Japan is also resolute in its Japaneseness. Of all the wealthy, industrialized nations, it stands out as the most bizarre and impenetrable. I understand Japan about as well as I understand the significance of the Higgs-Boson. But its sheer difference and refusal to adapt its culture to suit the rest of the world makes it more interesting.

Another question that kept surfacing regarding Psy was: “Isn’t he B-class?” Aside from the obvious question - What kind of pop music is ‘A-class?’ - there is a kind of attraction in something a little bit cheeky or rough around the edges. Are we all not a mixture of A- and B-class tastes, if we are honest?

When I look at tourist literature promoting Korea, everything looks rather sanitized and A-class - come and see this pansori show or visit this traditional folk village. I won’t deny the value of such things, but a little edginess and unpredictability mixed in would make Korea seem a lot more human and, indeed, attractive. Then there is Arirang TV, which presents Korea as a kind of earthly paradise in which nothing bad ever happens. The trouble is, this vision isn’t believable.

Old friends of mine who visited Korea enjoyed looking around palaces and all the other places they were “supposed” to like.
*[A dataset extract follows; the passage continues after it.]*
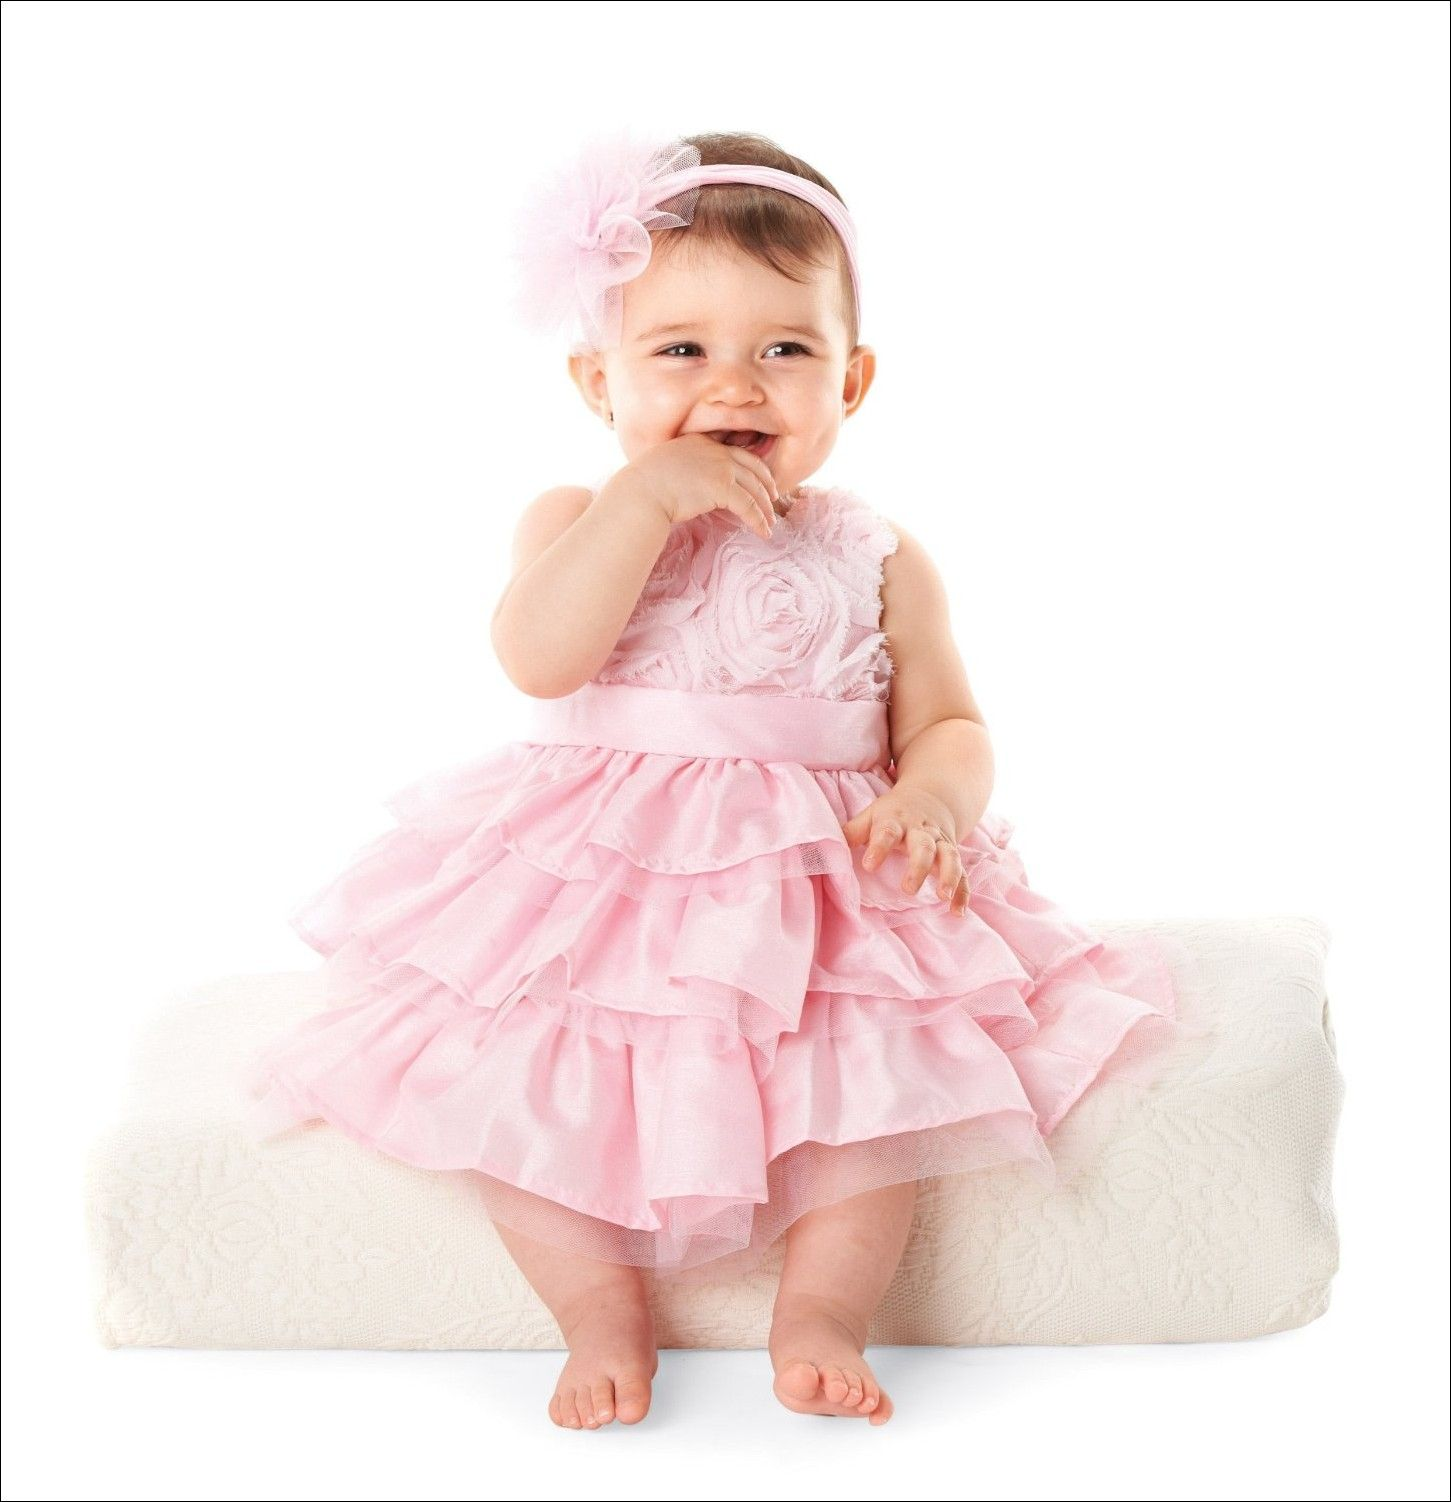 Kids Pink Bridesmaid Dresses - Top 50 Junior and Childrens ...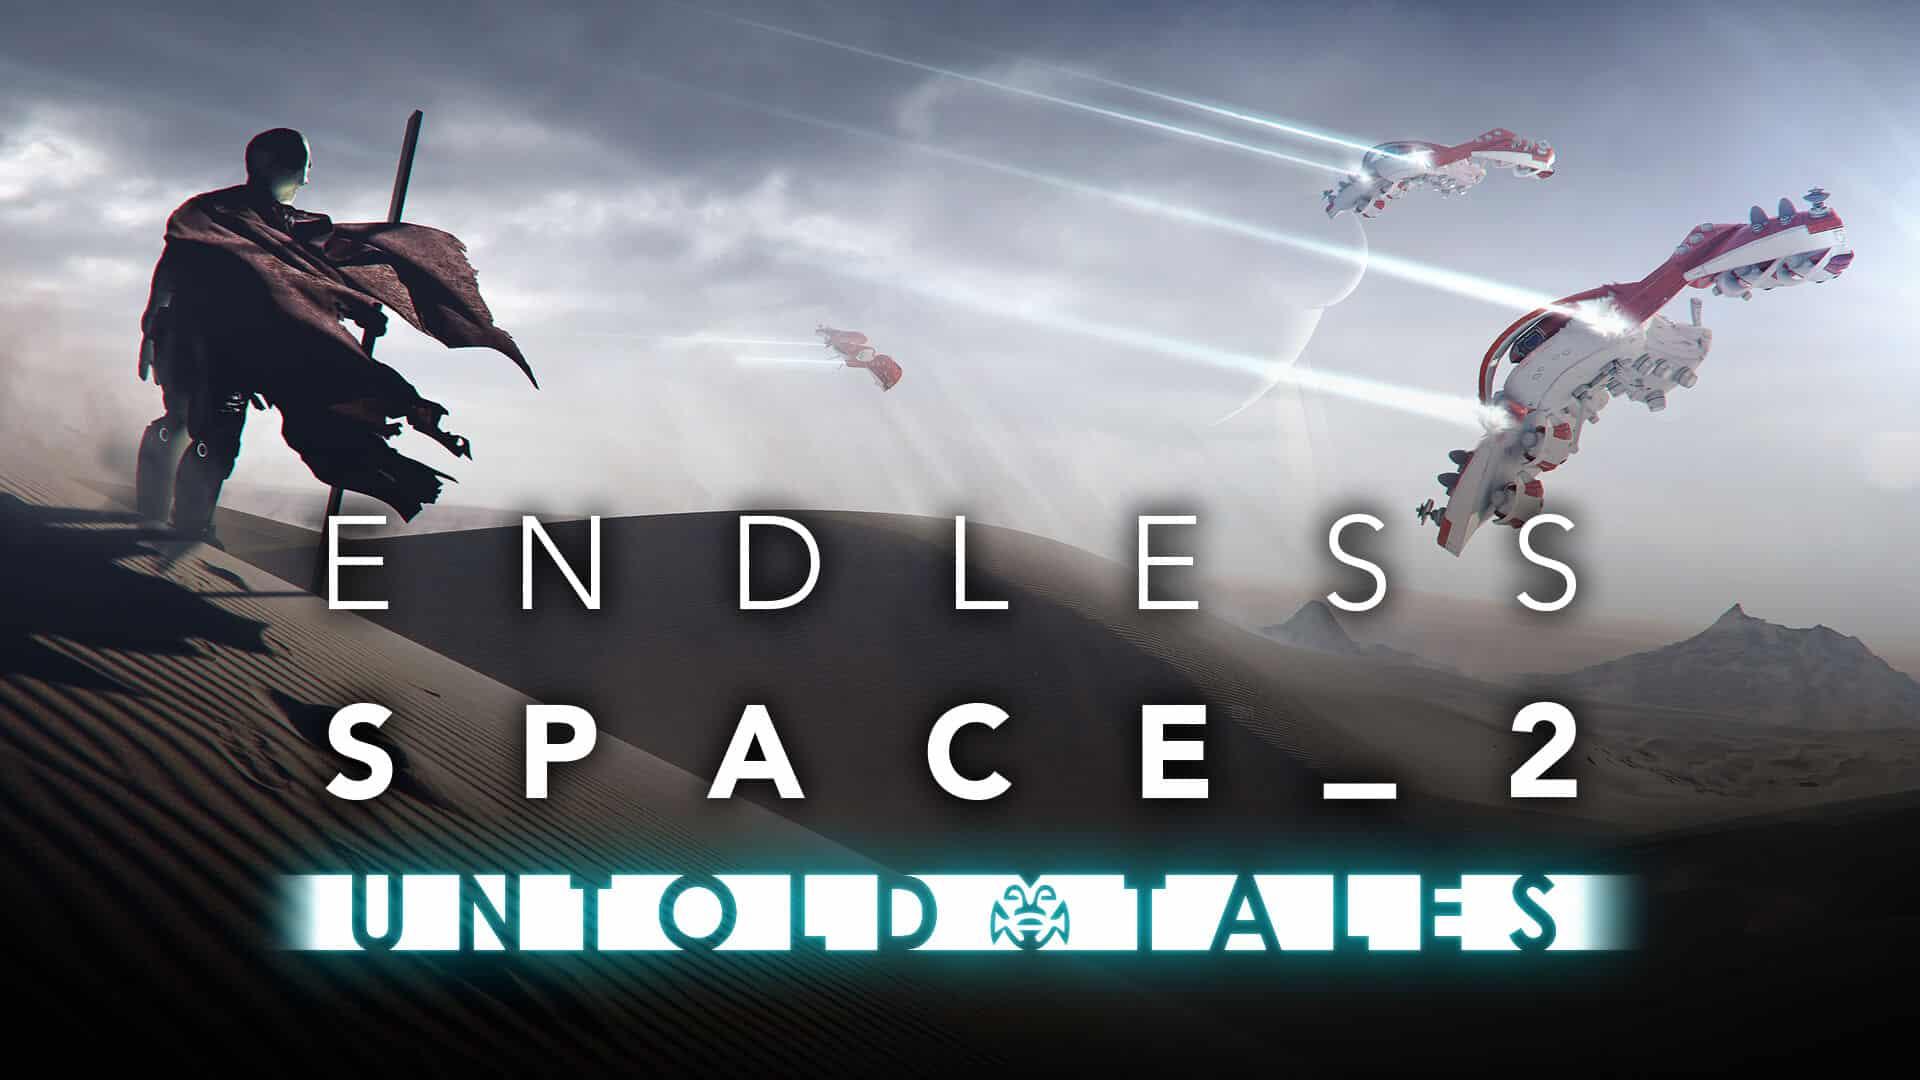 untold tales endless space 2 - Due contenuti aggiuntivi a sorpresa per Endless Space 2

But they also cherished drinking in pojangmacha (small tented restaurants on wheels), seeing graffiti and buskers in Hongdae and eating food that for some bizarre reason people assumed was “too spicy” for them to handle. And they loved Korea not because of the things that were “globalized,” adapted to Western tastes and presented in English - they loved it because of the things that weren’t.

I think that the case of Psy offers a lesson for Korea’s various tourist promotion and national branding agencies. An attractive country celebrates its uniqueness. It impresses you with its A-class and makes you laugh with its B-class. Frankly, Korea is my favorite country, but when I see it advertised as a tourist destination, I hardly recognize it.

* The author is the Seoul correspondent for The Economist.